Hahahahahahahah! This may sound like hilarious laughter, right? You need tons of laughter therapies because, without laughter and the pain of the stomach with excess laughter, life doesn’t move on. So why not laugh with your pets with the most hilarious dog jokes ever? It may be true that your pawsome pals may not understand them. But seeing you laughing like a crazy maniac will ultimately let them think you are happy and they will be happy too. So, hoomans get ready to dive into the tons of dog jokes ever.
These jokes are collected from various websites and blogs for your recreation. From cute chubby-dubby jokes to the most hilarious ones, get ready for the entertaining punchlines. So let’s hop in and get ready to laugh at your best.
Q and A Jokes
Q: What do chemists’ dogs do with their bones? A: They barium!
Q: What kind of dog chases anything red? A: A Bulldog.
Q: Why do dogs bury bones in the ground? A: Because you can’t bury them in trees!
Q: How are a dog and a marine biologist alike? A: One wags a tail and the other tags a whale.
Q: What do you call a cold dog? A: A Chilli Dog.
Q: What do you call a black Eskimo dog? A: A dusky husky!
Q: What do you get if you cross a sheepdog with a jelly? A: The collie wobbles!
Q: Did you hear about the dog who couldn’t stop talking like a horse? A: It was a dog and pony show.
Q: What do you get when you cross a dog and a calculator? A: A friend you can count on.
Q: What did the skeleton say to the puppy? A: Bonappetite
Q: What do you call a frozen dog? A: A pupsicle.
Q: Why did the dog need help on his Pros and Cons chart? A: He was CON-fused!
Q: What do you call a large dog that meditates? A: Aware wolf.
Q: What do you get when you cross a race dog with a bumble bee? A: A Greyhound Buzz.
Q: What do you get if you cross a Beatle and an Australian dog? A: Dingo Starr!
Q: What does my dog and my phone have in common?

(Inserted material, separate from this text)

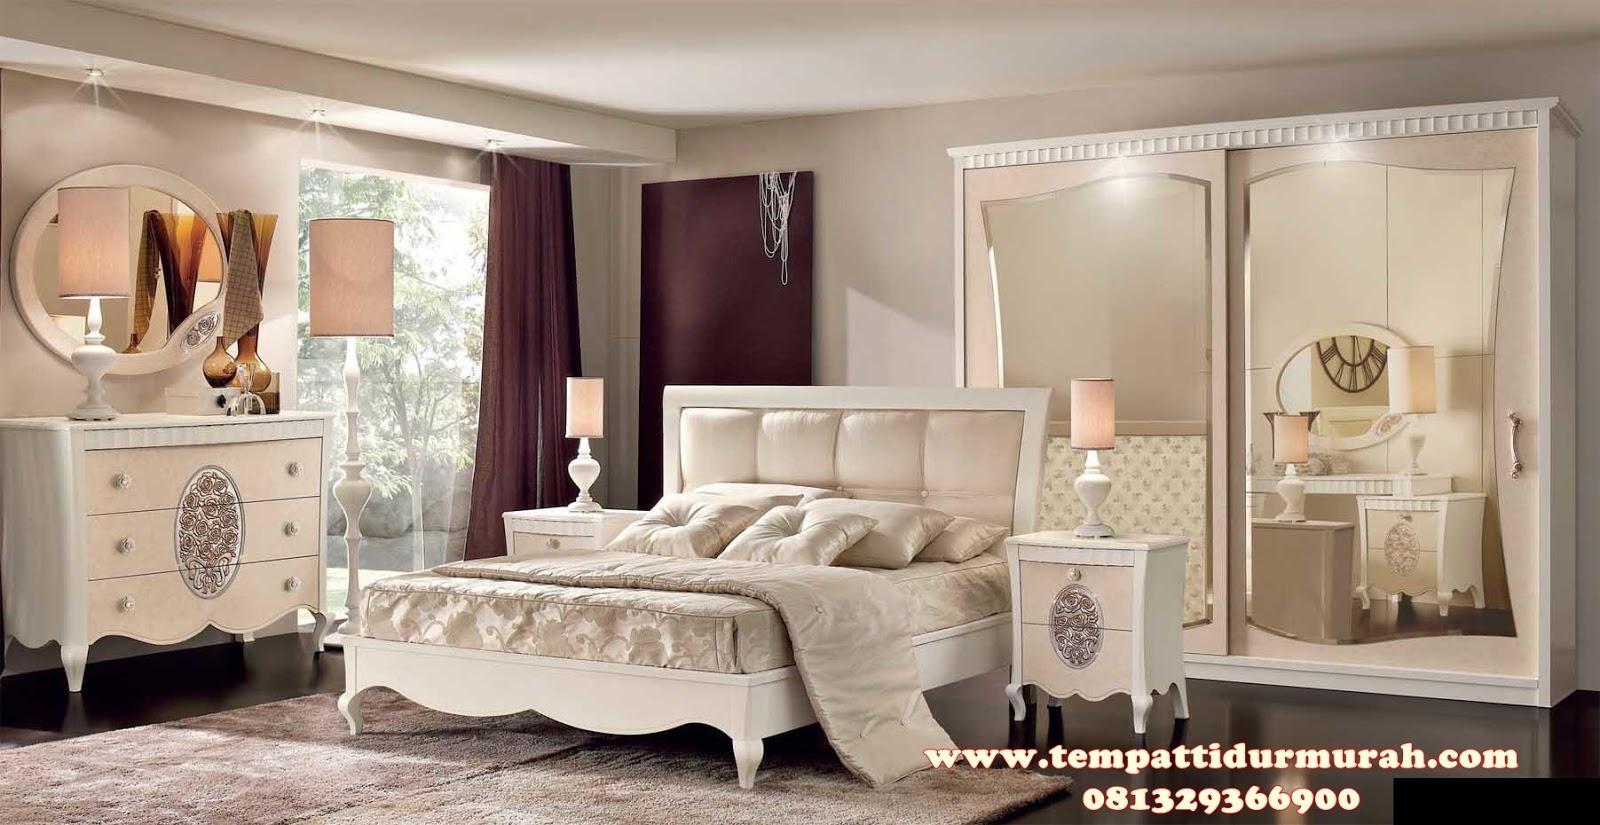 Kamar Tidur Minimalis Eropa Terbaru

A: They both have collar I.D.
Q: What do you get if you cross a gold dog with a telephone? A: A golden receiver!
Q: What happened when the dog went to the flea circus? A: He stole the show!
Q: What kind of dog does Dracula have? A: A bloodhound!
Q: What is it called when a cat wins a dog show? A: A CAT-HAS-TROPHY!
Q: Why did the dog cross the road? A: To get to the “barking” lot!
Q: How did the little Scottish dog feel when he saw a monster? A: Terrier-fied!
Q: What do dogs do after they finish obedience school? A: They get their masters.
Q: What do you call a dog magician? A: A labracadabrador.
Q: How did the little Scottish dog feel when he saw a monster? A: Terrier-fied!
Q: What do you call a large dog that meditates? A: Aware wolf.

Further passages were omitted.